Этими словами заканчивался дневник.
   По обильным следам слез видно было, как часто Горбунья разражалась рыданиями… Только под утро спрятала она, надломленная столькими волнениями, свою тетрадь в потайное место. Она полагала, что здесь тетрадь будет находиться не столько в безопасности (она никого не могла заподозрить в малейшем злоупотреблении доверием), но просто менее на виду, чем в одном из ящиков письменного стола, который Горбунья часто открывала при посторонних.
   Мужественная девушка, как и обещала, желая честно выполнить свой долг до конца, подождала на другой день прихода Агриколя и, укрепившись в своем героическом решении, отправилась с кузнецом на фабрику господина Гарди.

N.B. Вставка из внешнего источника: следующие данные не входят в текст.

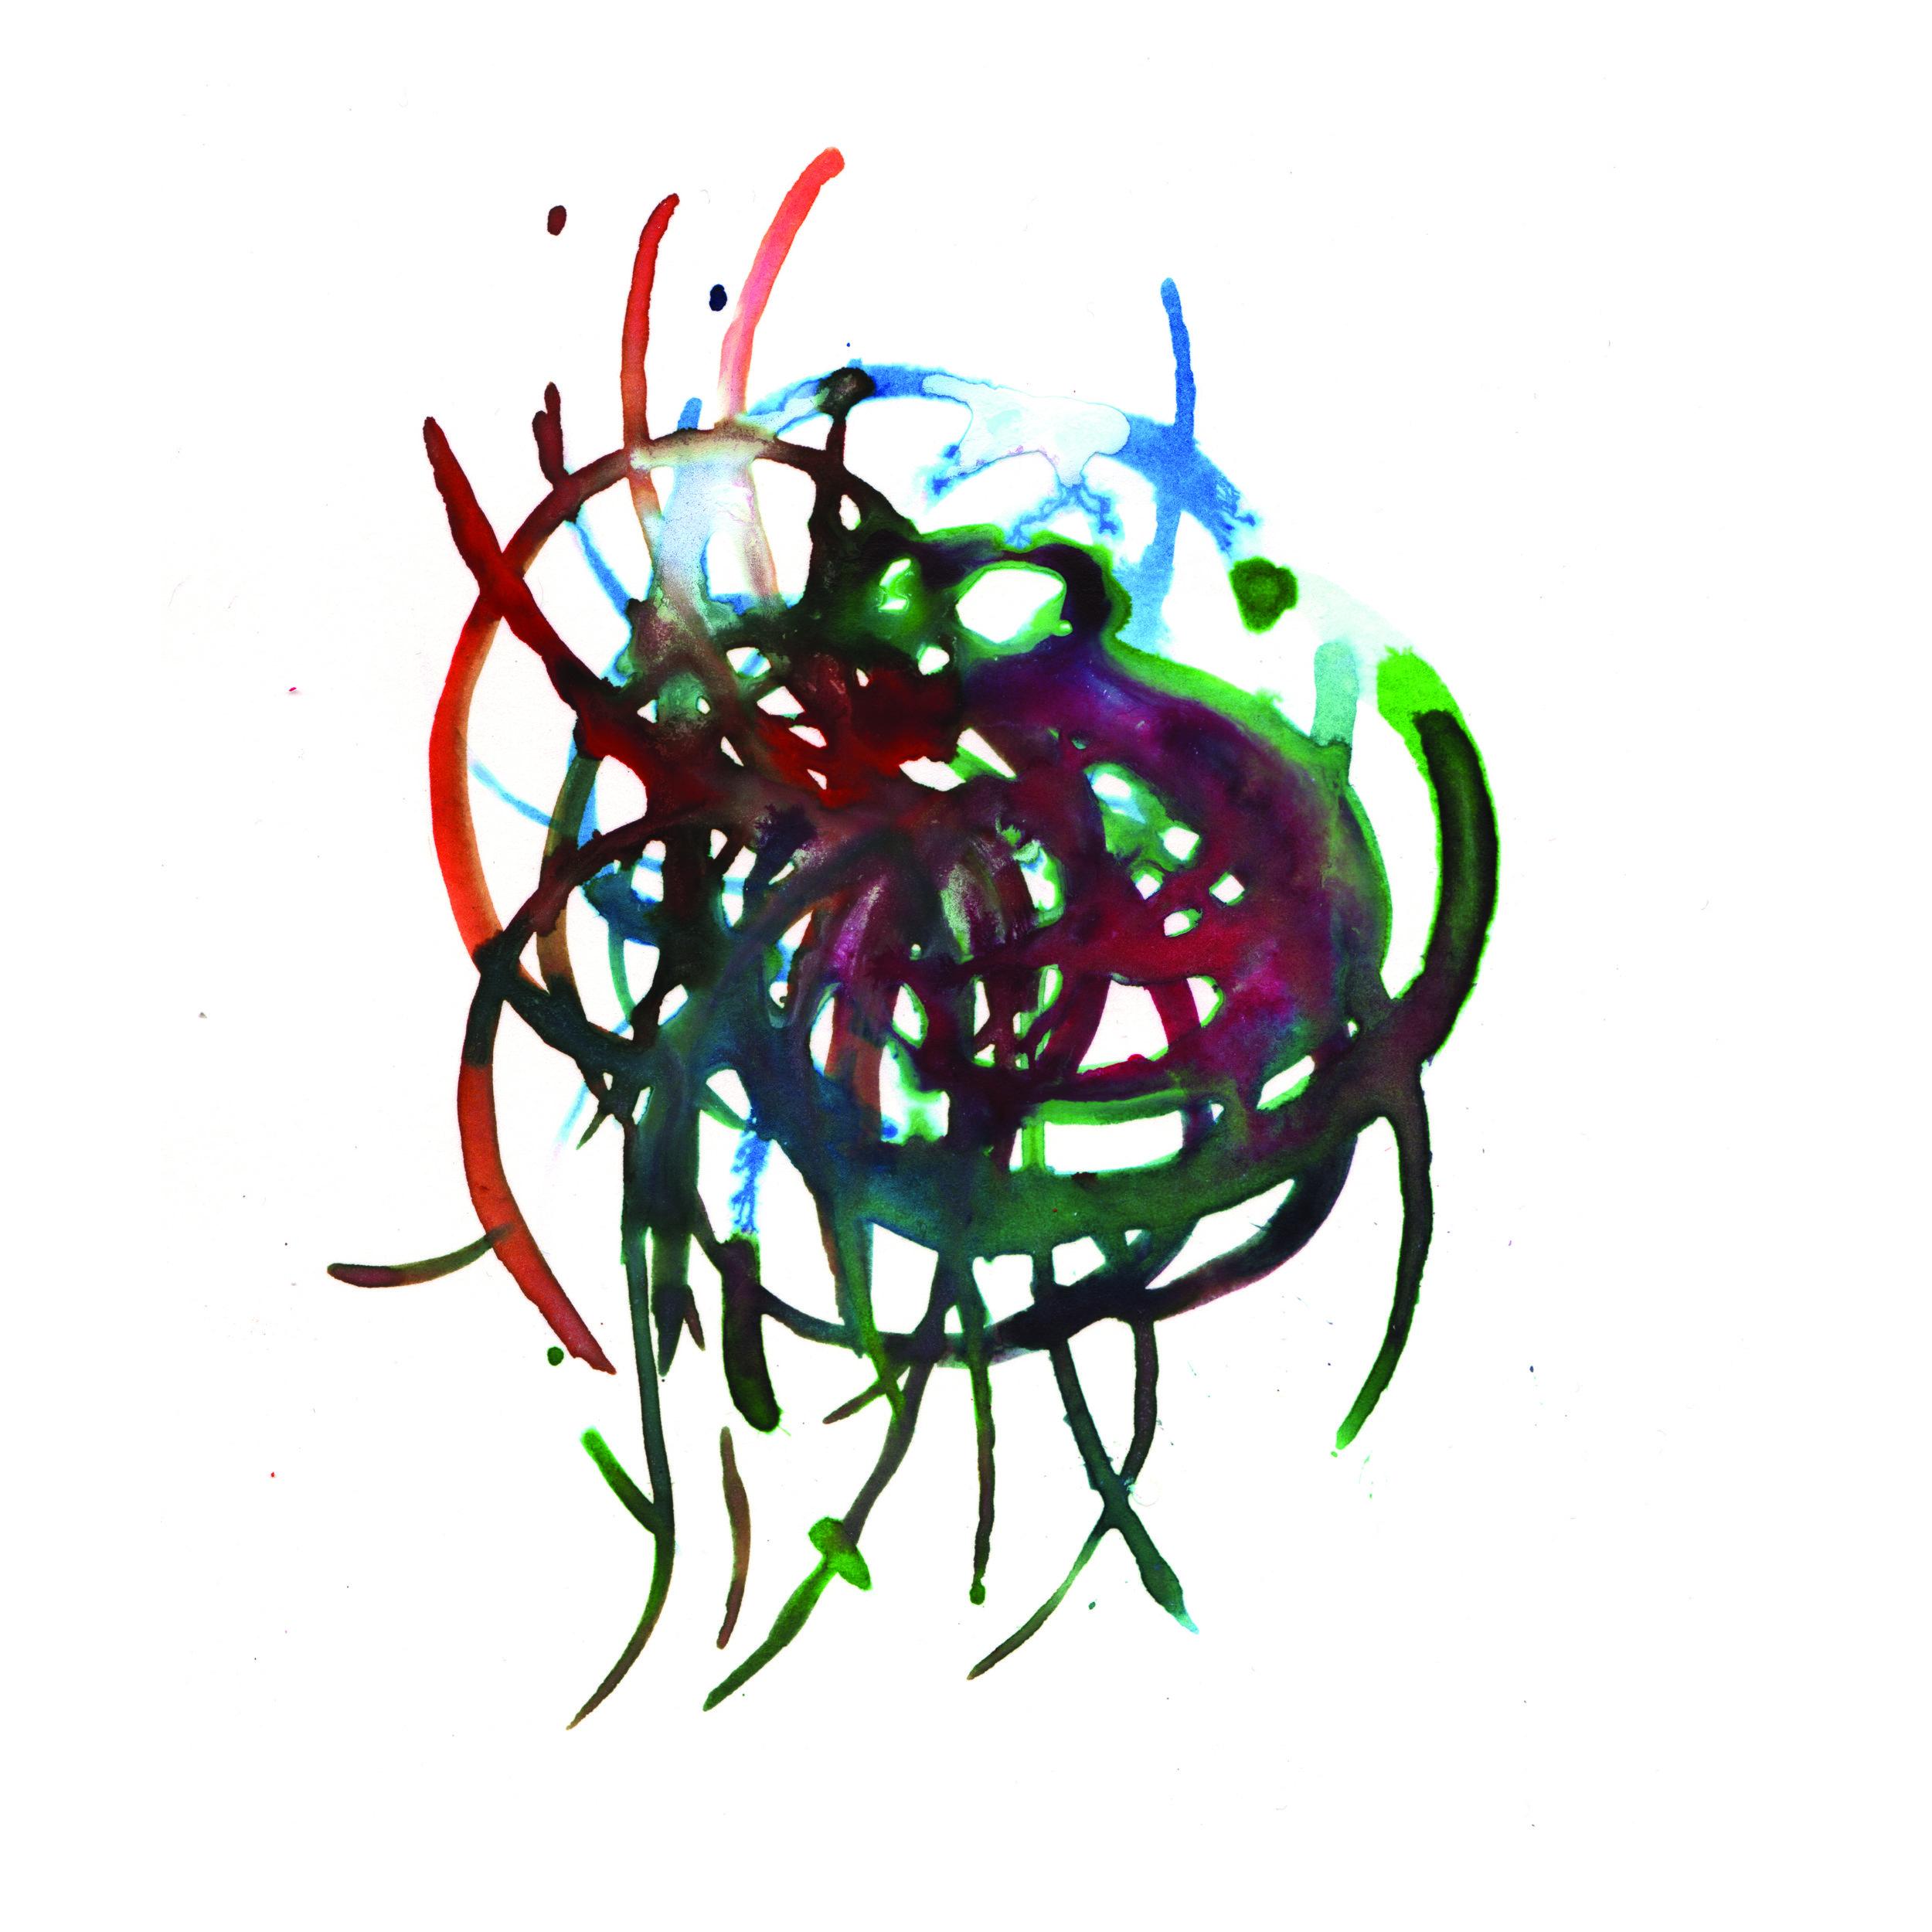 41.Bromeliad.3.21.14.jpg

   Флорина, зная об уходе Горбуньи, но задержавшись у мадемуазель де Кардовилль в течение большей части дня, предпочла дождаться ночи, чтобы выполнить новый приказ, который она испросила и получила после того, как уведомила письмом о содержании дневника Горбуньи. Убежденная, что ее никто не застигнет, Флорина вошла в комнату молодой работницы, уже когда наступила ночь… Зная место, где находилась рукопись, она прямо пошла к письменному столу, выдвинула ящик и, доставая из кармана запечатанное письмо, приготовилась положить его на место рукописи, которую она должна была похитить. Но в этот момент она так сильно задрожала, что должна была опереться на стол.
   Как мы уже говорили, во Флорине не совсем угасли добрые чувства. Исполняя приказы, она сознавала всю низость своих поступков и глубоко страдала от этого… Если бы речь шла о ней лично, она бы скорее решилась на все, чтобы избавиться от ужасной подчиненности… но, к несчастью, ее гибель нанесла бы смертельный удар существу, которое ей было дороже жизни… И она с жестоким отчаянием в душе совершала самые гнусные и коварные предательства. Так и теперь, не зная цели своего поступка, она чувствовала, что замена рукописи этим запечатанным письмом будет иметь роковые последствия для Горбуньи потому, что она помнила мрачные слова Родена: «С Горбуньей надо завтра же кончить!» Она не знала, каким путем он этого добьется, но чувствовала, что проницательная преданность Горбуньи интересам мадемуазель де Кардовилль грозила опасностью врагам Адриенны. Она боялась, что молодая девушка откроет когда-нибудь и ее измену. Последнее опасение победило колебания Флорины; она положила письмо за ящик, спрятала рукопись в карман и незаметно удалилась из комнаты.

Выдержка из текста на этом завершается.